Tuesday, October 20, 2020

Sermon: Wittenberg Academy – Oct 20

20 October 2020

Text: Matt 15:1-20

In the name of + Jesus.  Amen.

The word “virtue-signaling” never appears in the Bible.  But the idea is there.  The Pharisees have a human tradition of a hand-washing ritual before meals.  And washing one’s hands is a good idea – especially before eating.  But the Pharisees created an elaborate ritual, and then ostracized those who didn’t know the steps, or those who just did not take part.  There was peer pressure, and the sense that doing the ritual made a person more righteous than his neighbor.  The Pharisees signaled their virtue by means of the ceremony.

And this may well be why our Lord and His disciples deliberately did not take part.  They ignored the tradition and the peer pressure to participate.  Our Lord called the virtue-signalers out by applying Isaiah’s prophecy against them: “This people honors Me with their lips, but their heart is far from Me, teaching as doctrines the commandments of men.”

For cleanness isn’t ultimately about hand-washing or eating ceremonially clean foods.  What comes out of the mouth is the barometer of the cleanness of the heart.  For “out of the heart come evil thoughts, murder, adultery, sexual immorality, theft, false witness, slander.”

Our Lord’s rejection of their tradition and His refusal to play along caused the Pharisees to be “offended.”  How often we hear this word today!  When someone is offended, we are supposed to stop whatever we are doing and apologize.  Did our Lord do that?  In fact, this same Greek word is used by St.
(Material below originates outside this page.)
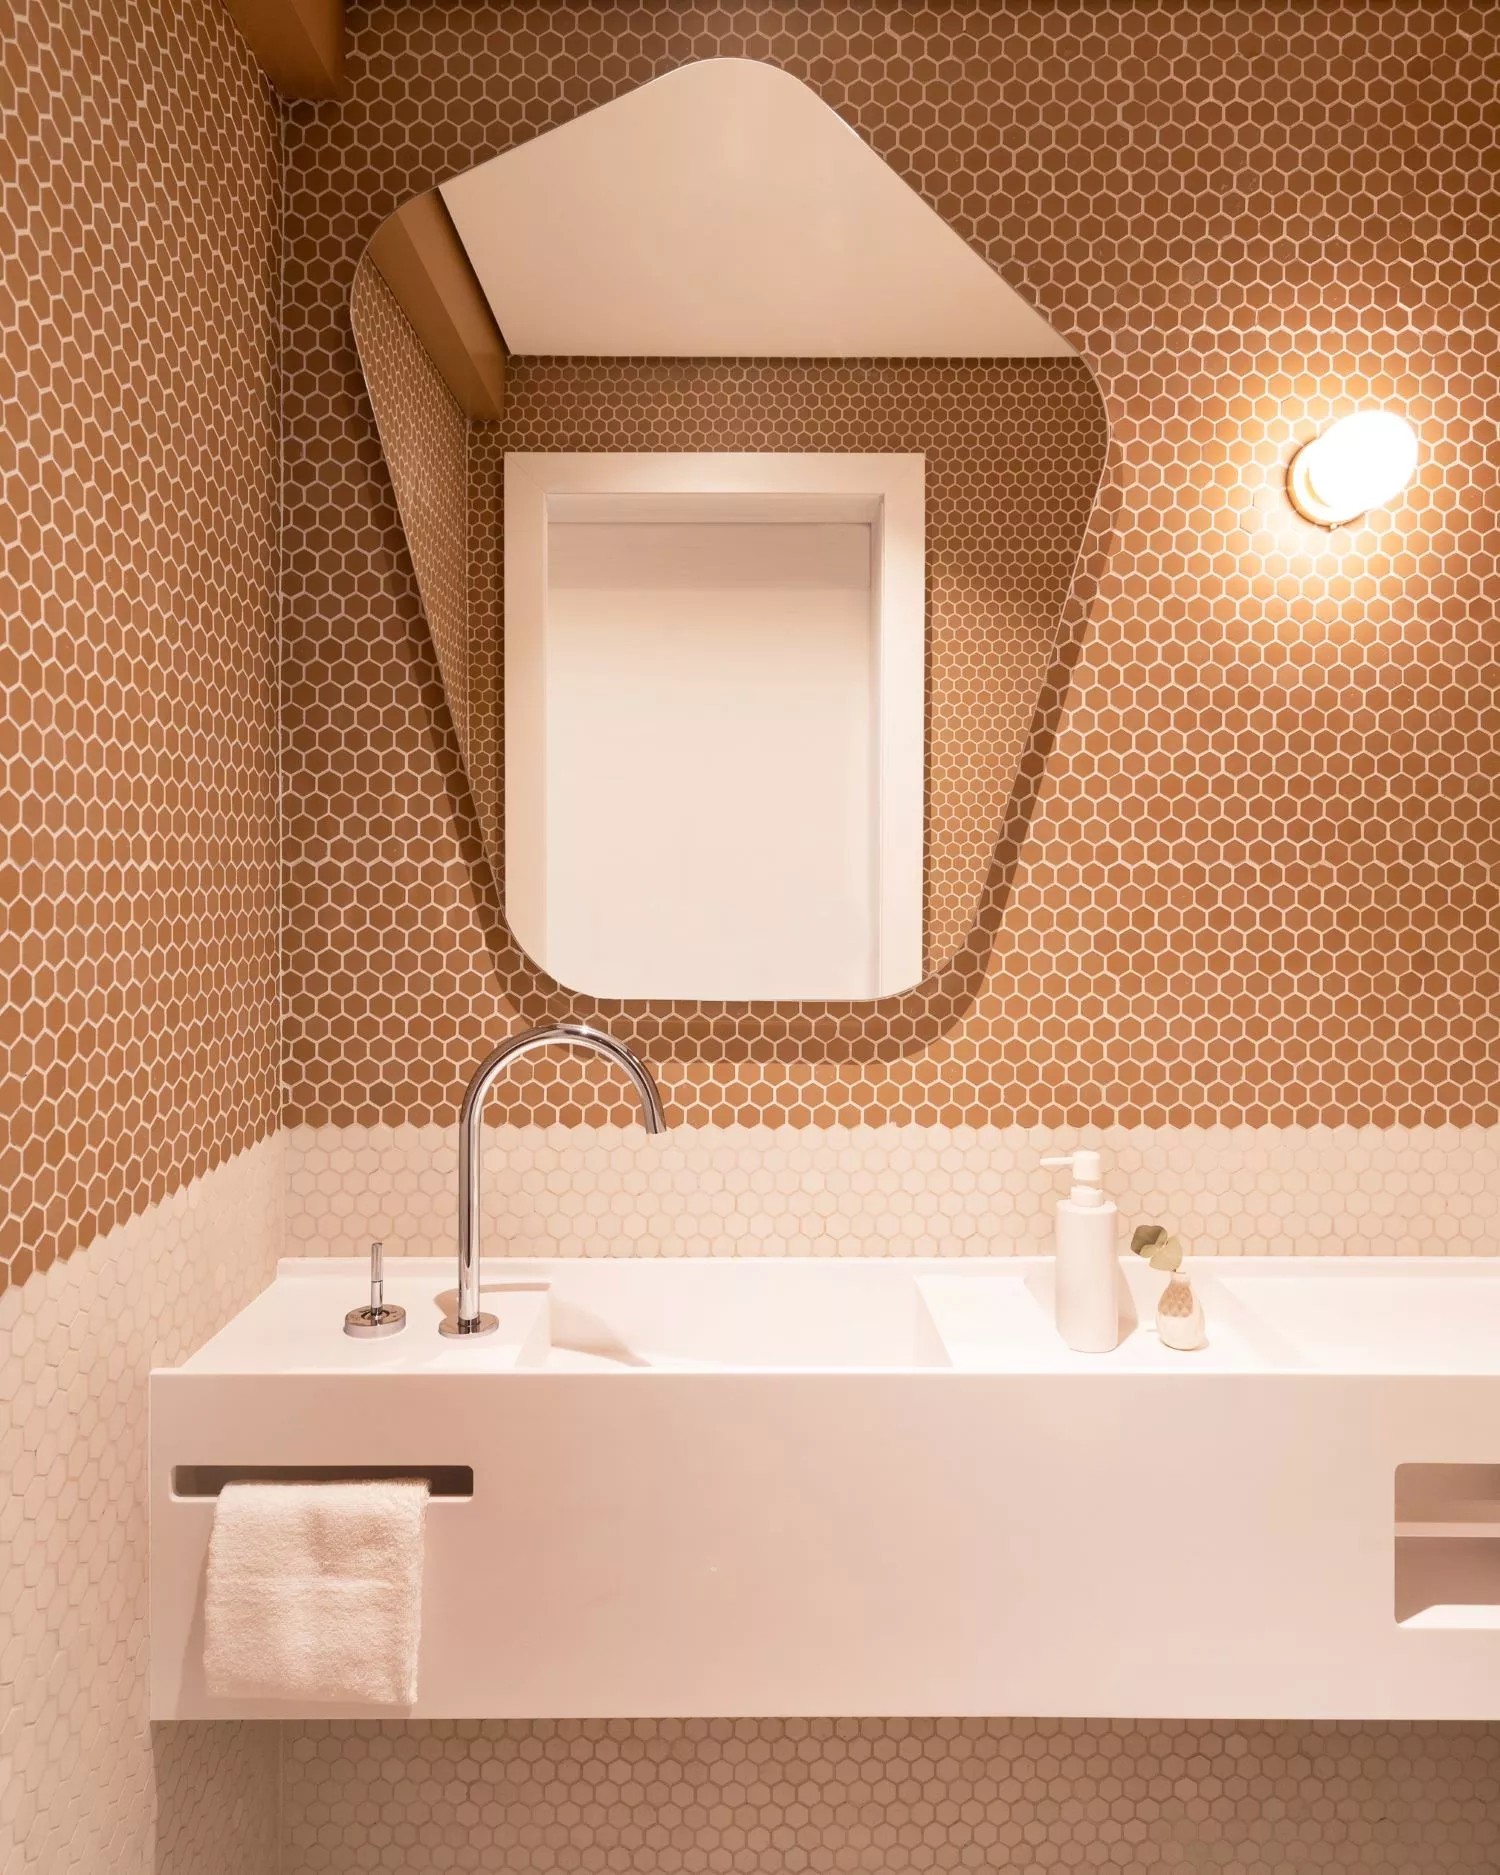 Pastilhas e bancada com vão embaixo são indicadas para banheiros sem janelas. Projeto do Voilà Studio — Foto: Roberta Gewehr / Divulgação

Paul when he says, “We preach Christ crucified” – as Jesus Himself is a cause of “offense” and “foolishness” to unbelievers.

Traditions are a good thing.  Ceremonies are a good thing.  Washing your hands is a good thing.  Eating healthy is a good thing.  But none of these things makes you righteous.  Christ crucified makes you righteous.  Our Lutheran confessions teach us that ceremonies exist to “teach the people what they need to know about Christ” – not to virtue-signal or to be self-righteous.  Ceremonies, traditions, customs, rituals, and social rules of conduct are good things when put into perspective, when they confess Christ crucified, when they point us to Jesus as the source of our righteousness, directing us to the cross as the authentic sign of true virtue.  May all of our traditions serve to worship our Lord not in vain, but in spirit and truth!

Amen.

In the name of the Father and of the + Son and of the Holy Spirit.  Amen.